Hi,
Hopefully someone can answer a couple of fairly simple :) questions:
1) Using the SAX2 API to process lots of small documents I'm not really getting the performance I'd like. I looked at the documentation for setting features on the parser to minimise the work done but the descriptions of each seems a little vague. Can anyone recomend the best setting for these options is to prevent as much validation as possible - ie to get the optimum performance? What effect does each do? I'm currently doing:
m_xerces_parser->setFeature(XMLUni::fgSAX2CoreValidation, false);
m_xerces_parser->setFeature(XMLUni::fgSAX2CoreNameSpaces, true);
m_xerces_parser->setFeature(XMLUni::fgXercesSchema, false);
I tried switching off CoreNameSpaces as I resolve and validate namespaces at an application level but I didn't get the behaviour I was expecting. This seems to prevent startPrefixMapping() getting called back for namespace declarations and just swallows them up. I was expecting by setting this flag off that the namespace declarations would basically just be treated as regular attributes and be available in the Attribute list via the startElement() callback method. Is this not the case?
On a related note is there any performance difference between using the SAX (1?) parser and SAX2 parse?
2) We recently switched to using ICU. Although I haven't benchmarked at all I'm a bit nervous about the impact of this on performance. Does anyone know if there is much of a difference?

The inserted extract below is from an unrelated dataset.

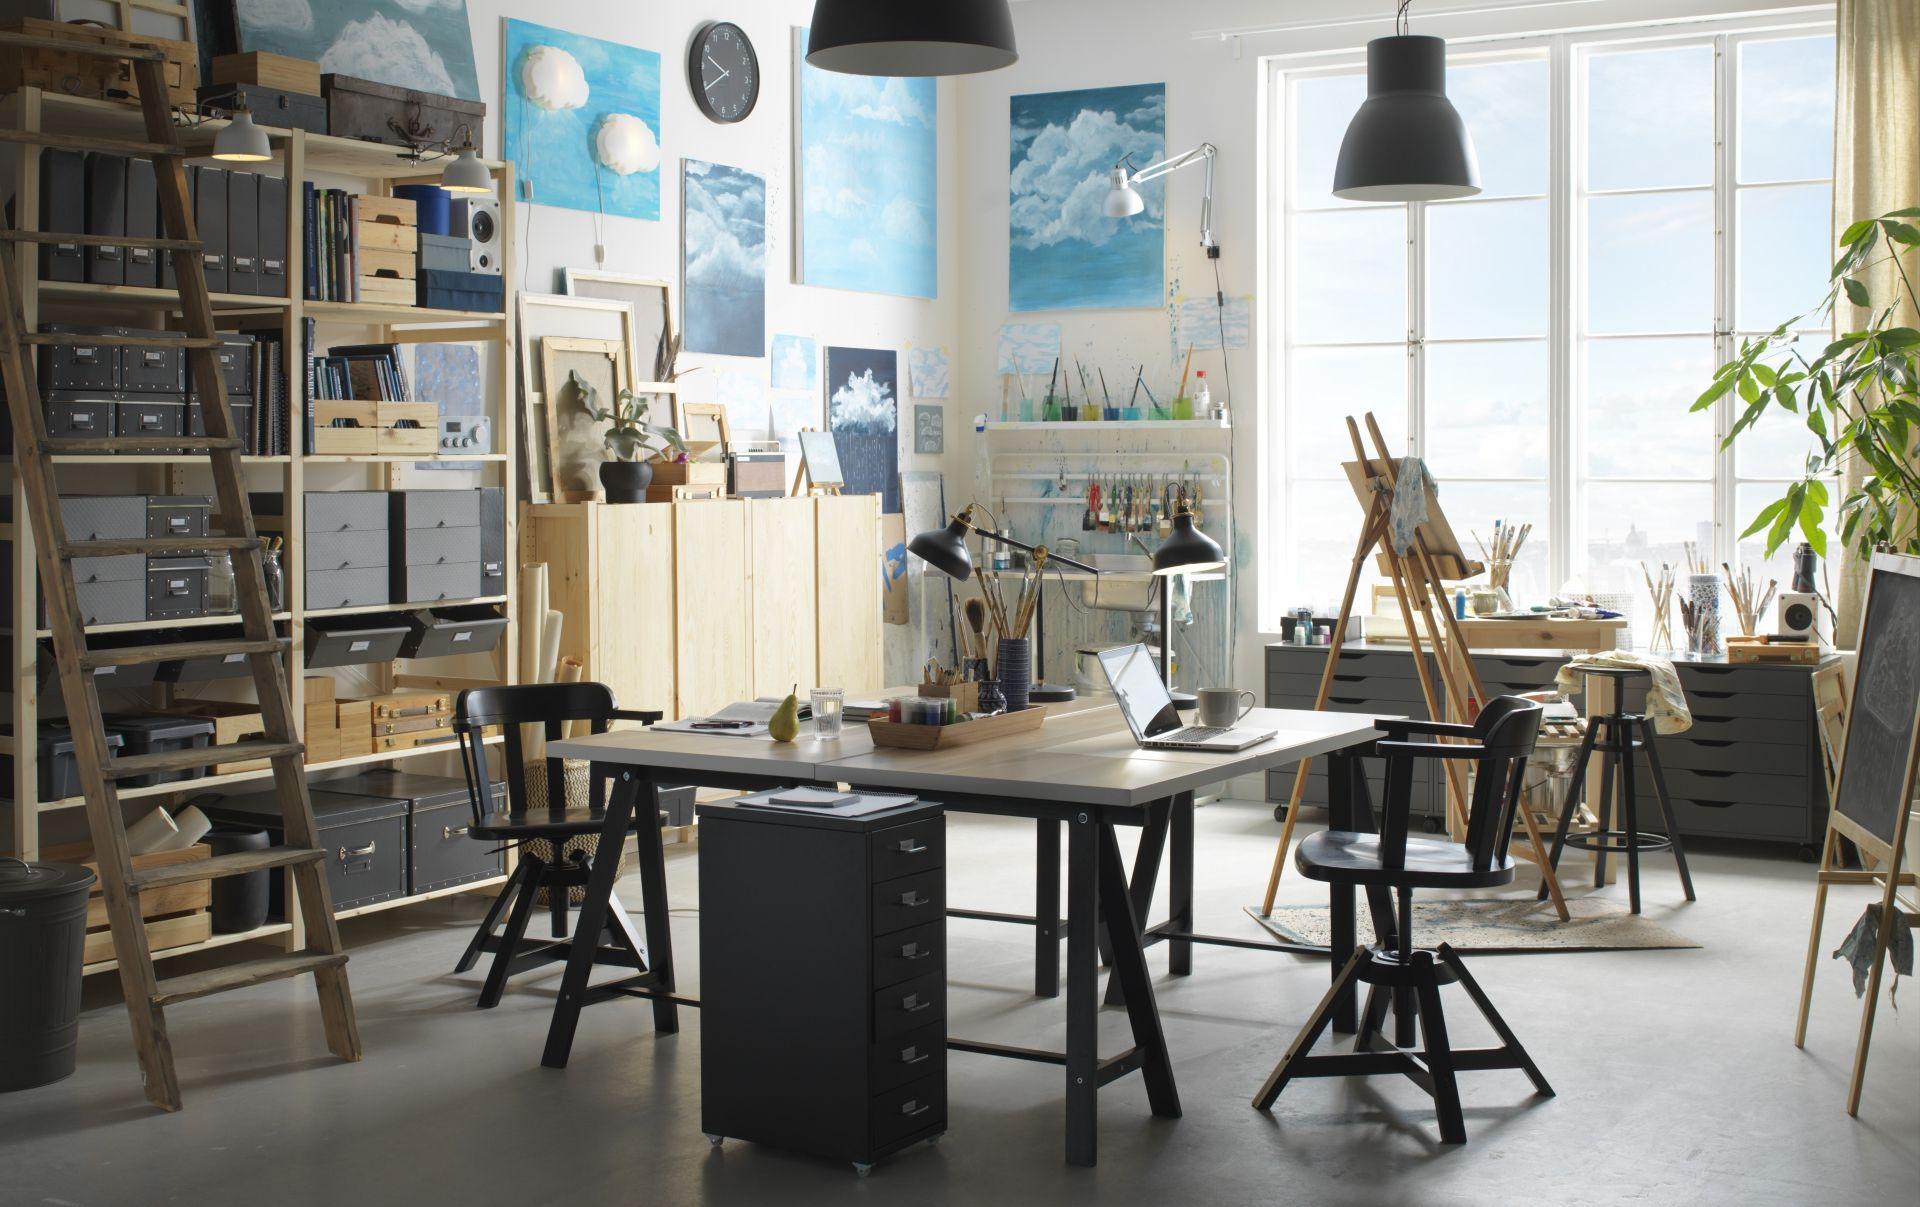 Bureaustoel Ikea Zwart : Feodor bureaustoel ikea ikeanl ikeanederland inspiratie

If there is, it would seem to make sense to rather than have an all ICU library or all non ICU library to build the ICU library so that it can be used in either mode. This would allow changing the transcoding method at runtime based on user requirements. In some instances, users of an application that utilises Xerces would care about the extra support offered by ICU, but in other instances users would prefer to sacrifice this for performance. Any thoughts?
Thanks and regards,
SImon